Extract from the entries below, exactly as given, only the lines from the line containing "Olympia CPD 3212" to the line containing "20220524 182646 - Literatura", both lines included.

[Given records Boundary: Start]

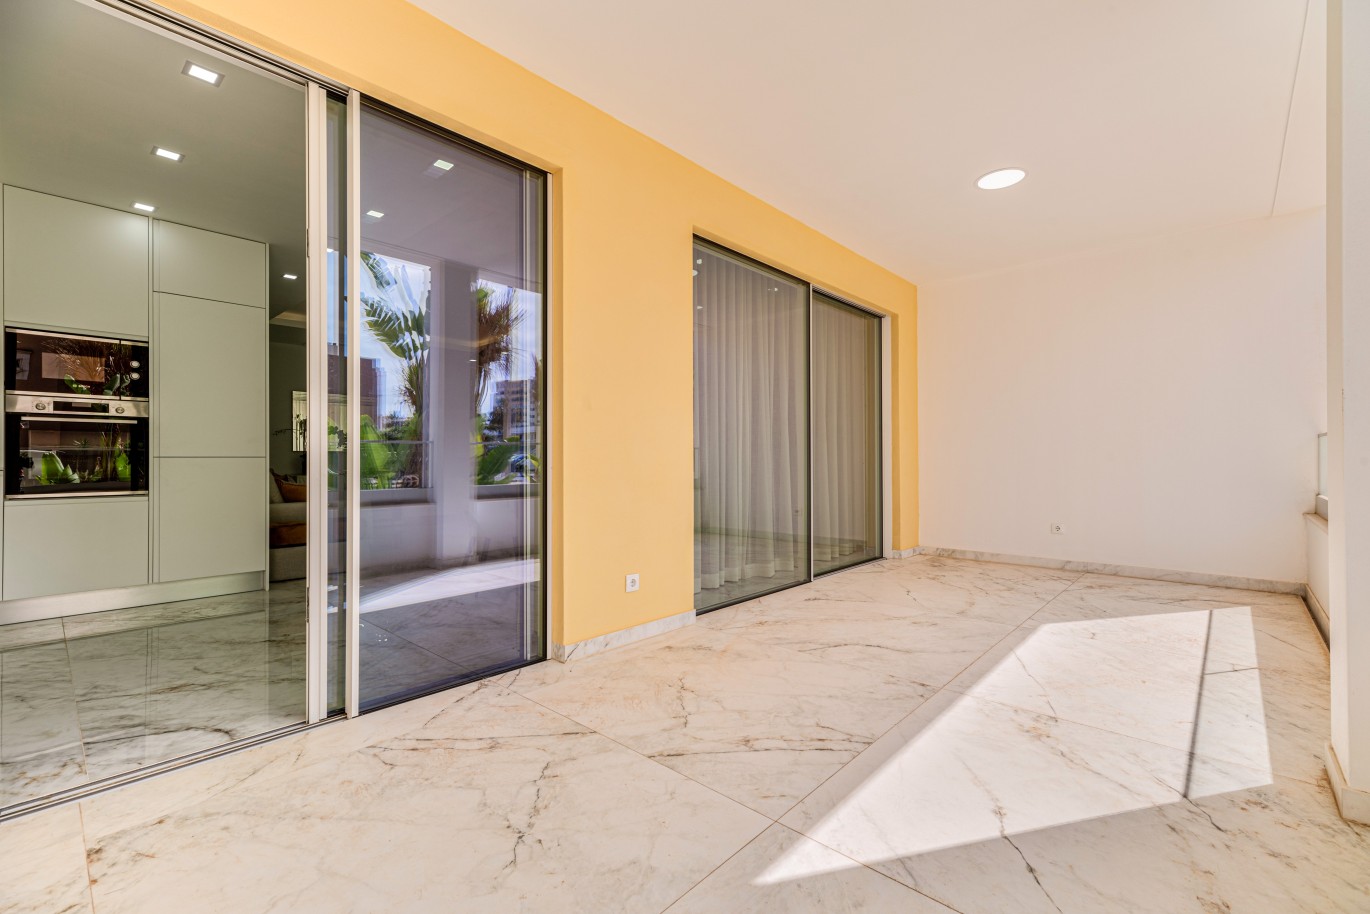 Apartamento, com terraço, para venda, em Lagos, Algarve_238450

[Given records Boundary: End]
[Given records Boundary: Start]

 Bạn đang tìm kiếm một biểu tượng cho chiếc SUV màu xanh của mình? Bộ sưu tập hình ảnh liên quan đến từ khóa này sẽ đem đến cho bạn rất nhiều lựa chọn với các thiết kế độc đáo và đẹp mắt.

[Given records Boundary: End]
[Given records Boundary: Start]

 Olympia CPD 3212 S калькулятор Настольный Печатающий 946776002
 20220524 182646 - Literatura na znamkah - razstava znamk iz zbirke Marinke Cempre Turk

[Given records Boundary: End]

• **Problem solution**:
 Olympia CPD 3212 S калькулятор Настольный Печатающий 946776002
 20220524 182646 - Literatura na znamkah - razstava znamk iz zbirke Marinke Cempre Turk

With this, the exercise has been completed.